How thoughtful.  Bond rubs his hands over his face, growls, and stomps back upstairs to scrub up in cold water.  It's not as if it's a bad idea.  Kincade will look out for her, of course, and knows the grounds better than Bond himself.  It's best to show her everything as soon as possible.  There's no reason to be in a bad humour about it.  It's not as if he even likes this bloody pile.

On his way back out of the lavatory, rubbing his face with a dishtowel, he passes the bedroom M used for the night after Kincade arrived.  Her Hermes bag is on the bed, and her spare pair of shoes—black trainers, practical and hideous—sits next to it.  But even as he glances at them, he pauses, because something is different about the shoes.  He sees something sticking out from beneath the left one.

He enters the room, picks up the shoe, and raises his eyebrow when he realises it's got a false bottom that's slid partway out.  He smirks; so much for the notion of her picking up an extra pair in Harrods because they're just so comfortable. 
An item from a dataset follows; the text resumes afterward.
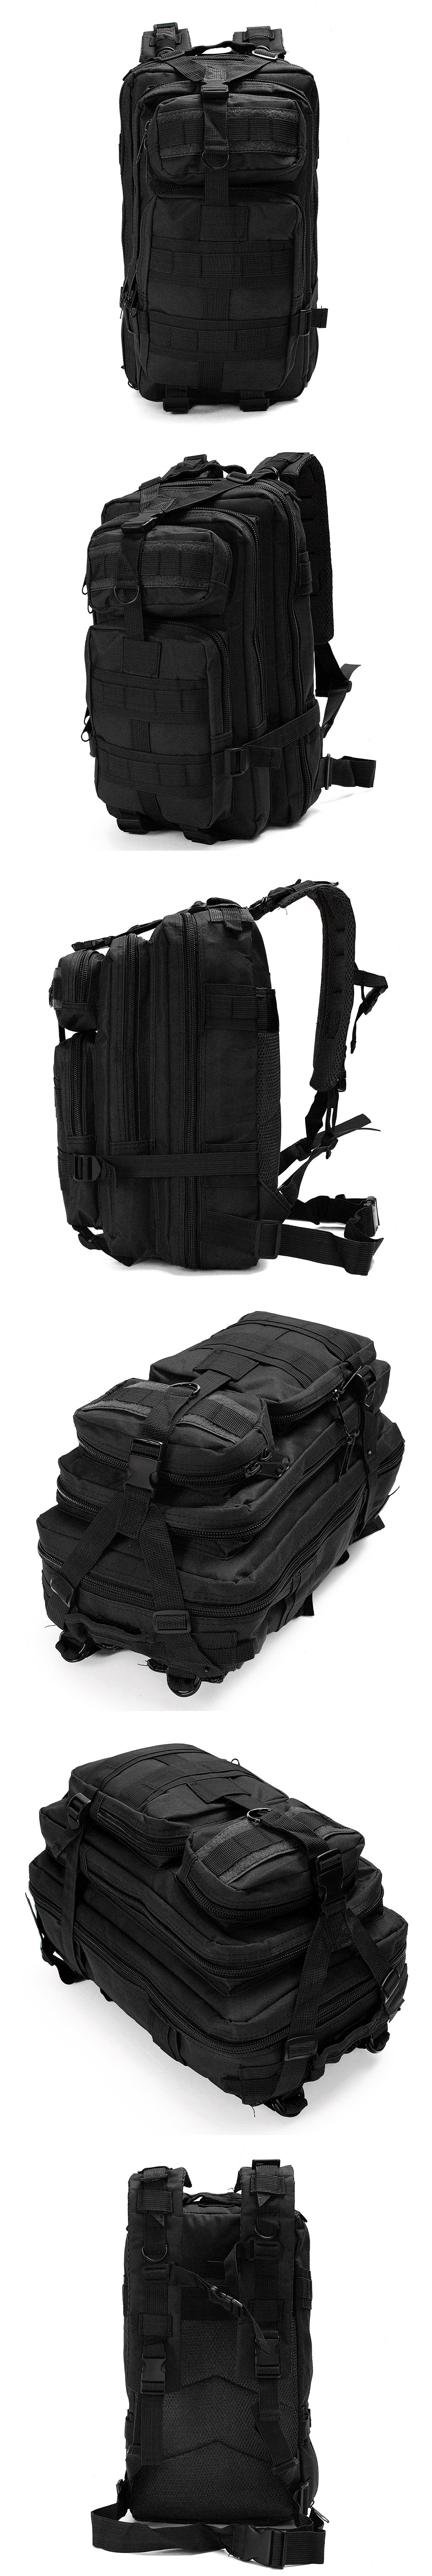 IPRee 30L Открытый Тактические Рюкзак Рюкзак Кемпинг Туризм треккинг мешок плеча пакет

Bond prises the false bottom open completely, careful not to tear anything, and finds within a sealed packet full of powder.  He takes it out, sniffs it, and recoils at the faint hint of garlic.  Arsenic trioxide.  In her shoe.  And then there's her obsession with the cyanide capsule.  If her specialty is building bombs, then poisons must run a close second.

He makes sure to put everything back exactly as he found it and returns to the kitchen.  His radio's sitting on the table.  He turns it on and listens to Radio 4 while he sips a mug of cooling tea and waits for M and Kincade to return.  Breakfast, still warm in the oven, is black pudding and fried bread, a Kincade specialty.  Bond wonders how it went over with M, who starts each day with tea and toast, and a poached egg if she's feeling particularly savage.

No news of Silva.  No rhymes.  No murder, so he hopes.

He's just finishing up the tea when M and Kincade return through the back door, kicking mud from their boots.  Where did she get boots?  "Morning, James," Kincade booms.

"Morning," Bond says.  "Thanks for leaving me asleep and vulnerable."

"You had the dogs," Kincade grunts, holding out a chair for M.  "Don't whinge."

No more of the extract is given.